Bedway Hostel: A Lesson in Hostel Etiquette

Back at the hostel, I settled in for the evening. Around 9:30 pm, new guests arrived—chatting, laughing, and carrying on as if they were the only ones in the room. After enduring it for a while, I pulled back my curtain and let them have it. Their response was instant—they backtracked, apologized, and quickly hushed. In the morning, I learned they were in town for a half marathon.

It always baffles me how some people treat shared hostel spaces like their personal playgrounds. A little consideration goes a long way.

Final Thoughts: A City of Gods, Myths, and History

Athens exceeded my expectations.

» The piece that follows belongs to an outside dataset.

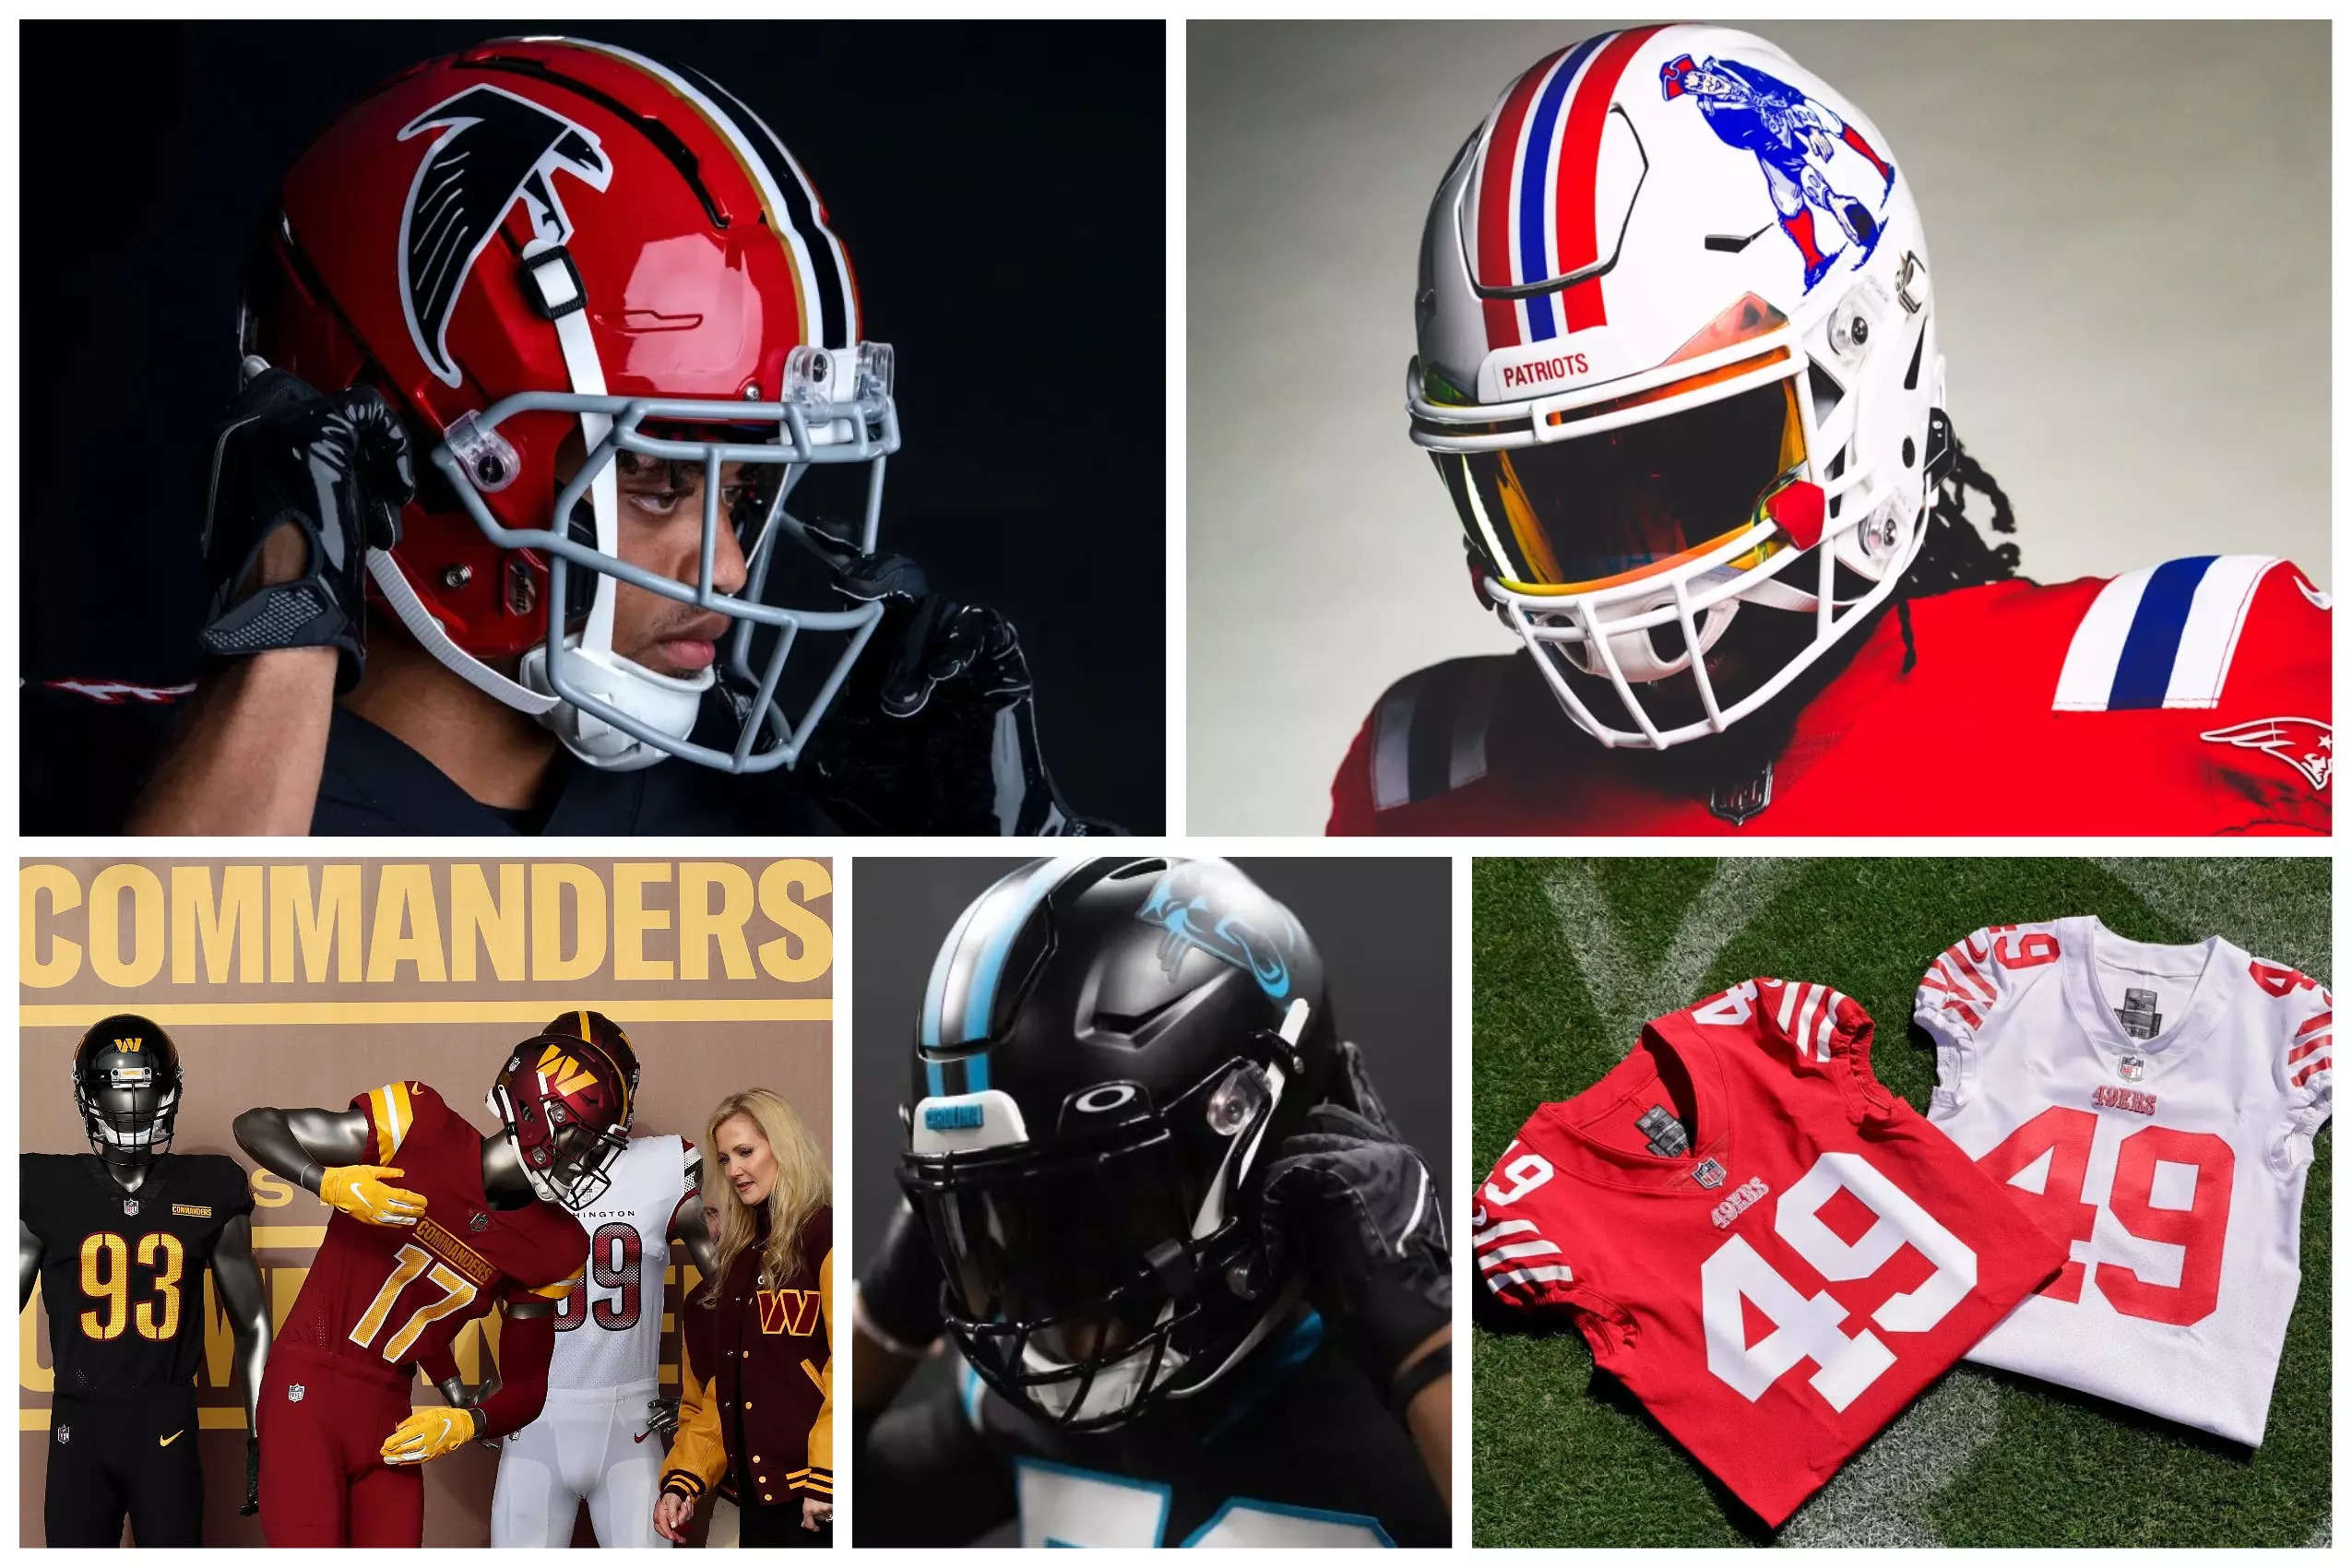 All the NFL teams with new uniforms and helmets for the 2022 season

As a student, I hated history, but as a traveller, I now see it as a collection of human stories. The influence of Greek and Roman civilizations is undeniable—their gods, their architecture, and their belief systems shaped the world we know today.

Greek Beliefs and Culture

The Ancient Greeks believed that prayers and offerings to the gods were necessary for protection and favour. Statues of deities filled temples and homes, where people left gifts to seek divine blessings.

Roman Influence and Legacy

Romans admired Greek aesthetics, engineering, and philosophy. They incorporated Greek design elements into their architecture, and their gods played an active role in daily life—mirroring Greek traditions with their own adaptations.

As I prepare to leave for Albania, I know Athens is a city I’ll return to. There is still so much to see, so many stories left untold. But for now, the journey continues.